As Jusino Sánchez struggled through long COVID, he often wondered if he was “just being a baby.” But he knows what he experienced and is experiencing is real.

He knows, too, that there are millions of people like him suffering from the lingering effects of COVID, he said. The possibility of long COVID is something that sticks out to him even as the pandemic is declared over.

“You might end up having a version of it,” he said. “So I think it’s very important as a society that we start thinking more about how we accommodate people with long COVID and how we try to stop it from happening in the first place.”

Northwestern patient Imani-Alima Ibrahim, 33, lost her taste and smell when she contracted COVID in March 2020. Three years later, and now with three apparent COVID-19 infections under her belt, she hasn’t gotten back those senses. She’s never fully smelled the boyfriend she began dating after her illness, she said.

Extreme fatigue, memory issues and bad migraines began to set in six months after her first infection, Ibrahim told the Tribune.

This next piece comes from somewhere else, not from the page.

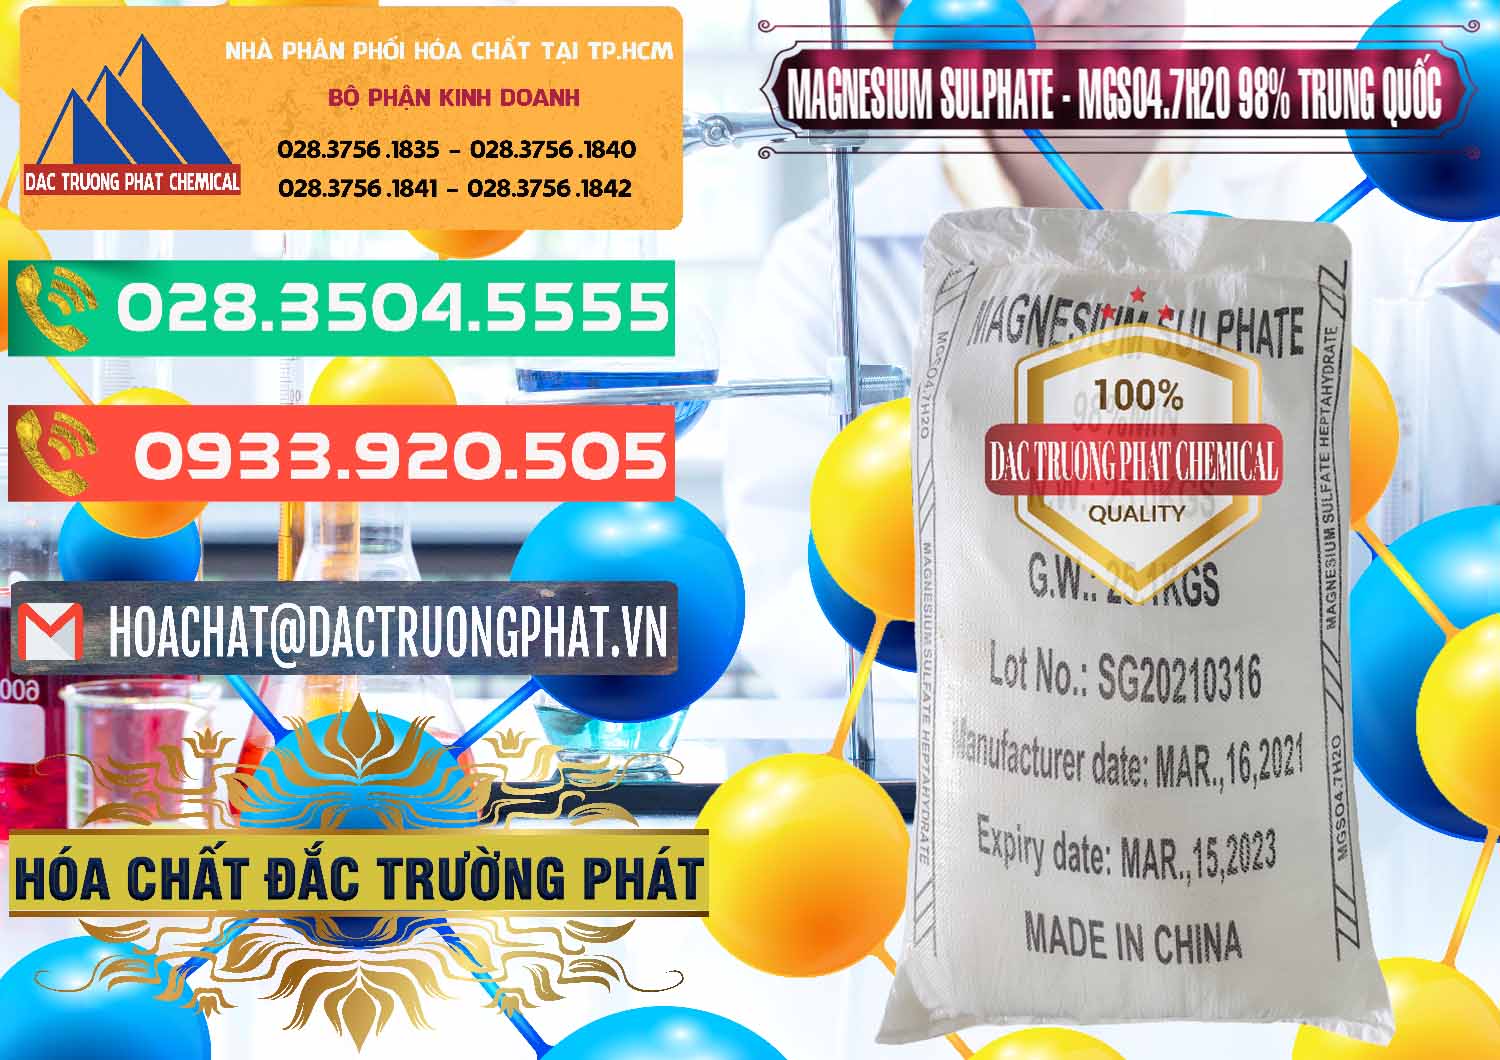 Công ty bán & phân phối MGSO4.7H2O – Magnesium Sulphate 98% Trung Quốc China - 0229 - Nơi chuyên bán _ cung cấp hóa chất tại TP.HCM - congtyhoachat.com.vn

It became hard to find the right word at times — a cumbersome issue for her at work in her private therapy practice, she said.

Ibrahim, who also works as a school social worker, had accepted and adapted to what seemed like her new life. But with the support of family and friends, she reached out to the Northwestern clinic last year.

She began comprehensive testing in April and is starting speech and occupational therapy next month. She’s also on new medication to combat fatigue and is doing smell training at home, she added.

“I’m really hopeful that there will be continued progress,” Ibrahim said.

Life likely won’t return to what it looked like before she got sick, she said. But a healthier “new normal” is possible, she added. She’s feeling more energy, and even gained a bit of scent and taste back, she said.

Ibrahim said even she is still surprised when she meets people struggling with long-term issues from COVID. Many people feel like they are out of the pandemic, she said, but there are people like her who aren’t done with the disease’s lingering effects.

Talking about that invisible illness is the first step to getting help, she said.